4.5.2025 Sunday - home (and it means to us)

 


Home

In commemoration on our Journal's one-year anniversary, I thought it is appropriate to record something about the notion of a 'home' - a safe place where family members can gather and be counted, be acknowledged and not judged. Since our launch on May 1st 2024, we have welcomed 63 projects and their designers into the BA.J family home.

In order to be fostered, you simply have to be:

1.       From Borneo, and designing/building locally or elsewhere.

2.       From elsewhere, and building/designing in Borneo.

It is that simple.

If you already have your own website, or have been featured elsewhere - you're still welcome. We value your company; you can have more than one home.

In our life time, most of us have lived in several homes - the one we grew up in, the one which we build with our spouses and numerous other 'temporary' ones along the way. Each forms part of our personal history and its own cache of memories – their importance wax and wane depending on how and what we are doing at the time.

The family home we grew up in usually forms the strongest memory for many of us - our young minds sponge-like absorbing stories to be re-told years later. Like the story of how a family of 7 can live in a one-bedroom flat and still welcome relatives from Kuching to stay with them during school holidays. Or how Grandma would call each of her daughters on the phone each Sunday to recite that lunch-time’s menu, as enticement (or instruction) to come ‘home’ for lunch once a week.

But it is inevitable that family home would slowly empty, and each time we re-visit, it feels smaller and jaded. A home must do more than simply house its inhabitants, it must continue to foster new relationships and nurture the existing ones.

Part of growing up takes us away from home; work or studies or relationships can momentarily relocate/dislocate us. During those times, do we set up house? or do we ‘nest’ and create a home?. Some use time to gauge whether it is worthwhile to create a home from a temporary situation while others think that ‘wherever I lay my hat, that’s my home (Paul Young. 1983)

A friend of mine travels round the world with her favourite paintings, and hangs them up in her 'home' if she knows she is going to be there for more than 3 weeks.

I recently experienced this first hand; a home-invasion by 16 students from Chung Yuan Christian University arrived to stay at No. 40 (my parents’ house or amah's house as they call it) They are 2nd  Year students, here to do research and design projects for local sites. Each weekend, we would go over and cook for them. My friends bring food and join us, and we watch them.

I like how they gradually make themselves at home; running up and down the stairs, hanging laundry here and there, sudden bursts of laughter and conversation as the night draws on. At the end of their stay, I asked them to send me photos of their time at amah's house, and they sent me these photos which I am sharing as part of this article. It would appear that they know how to make themselves ‘at home’. They are coming back later this year, this time round I have no doubt that they will hanging up paintings, and not just laundry.

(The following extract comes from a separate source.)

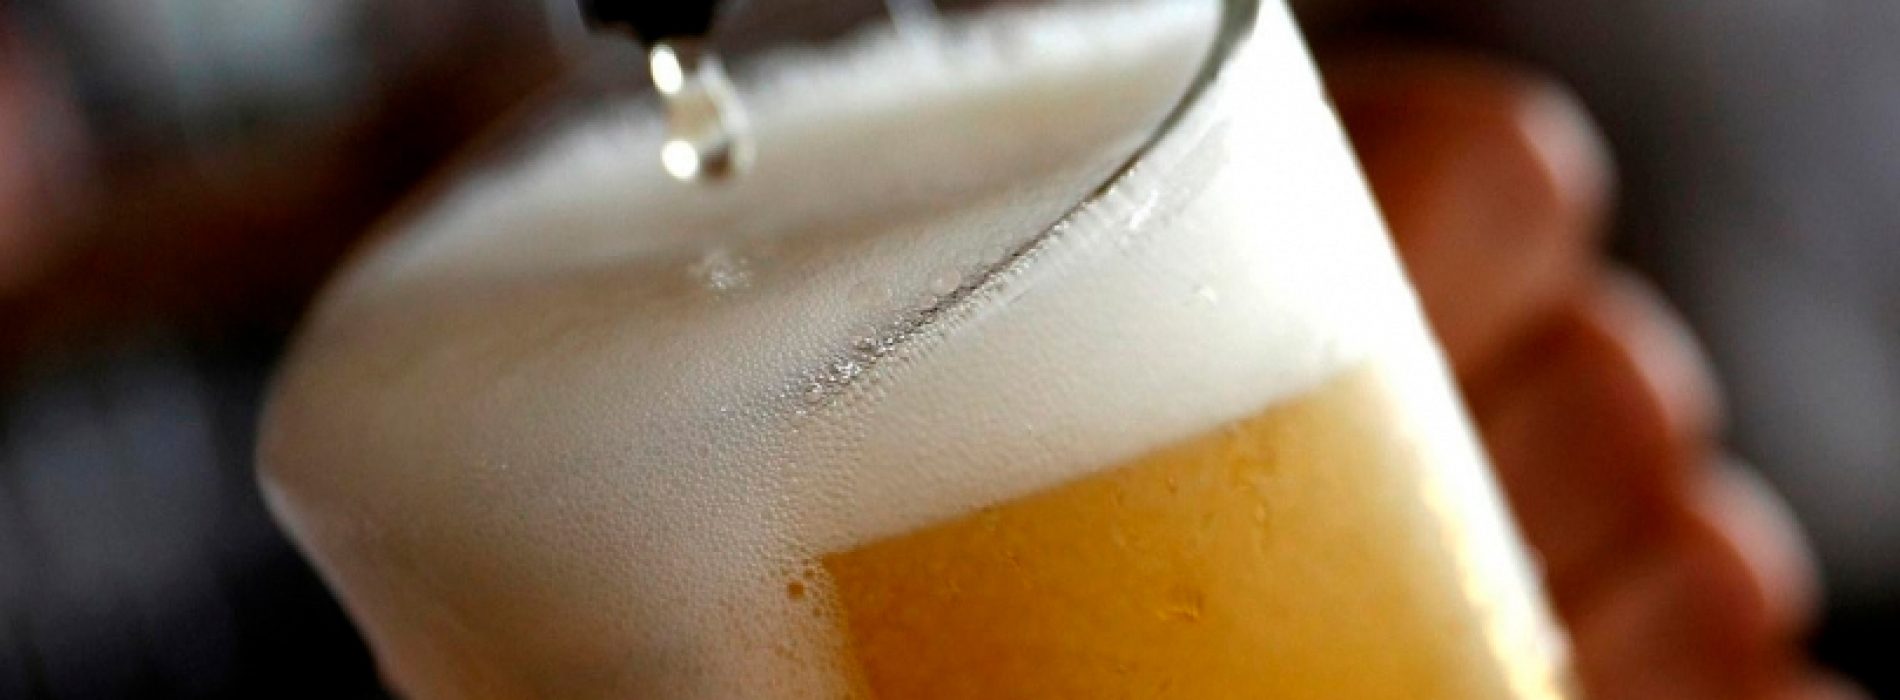 Investigación de la diversidad de levaduras de Chile busca desarrollar cerveza 100% nacional

Many of us experience having to leave our home country ‘tanah-air’for further studies, some of us returned and many more did not. In a recent conversation with friends, we talked about our individual reasons for returning home to practice architecture. When I turned to the prominent Taiwanese architect for his answer - his was simple ‘you should never need a reason to come home’. The most succinct remark in this matter is from my tennis partner (not an architect) - who wished his children were working in Malaysia and not overseas - ‘they should come home to serve the community that grew them’.

To conclude, we simply encourage you to join us, and make yourself at home.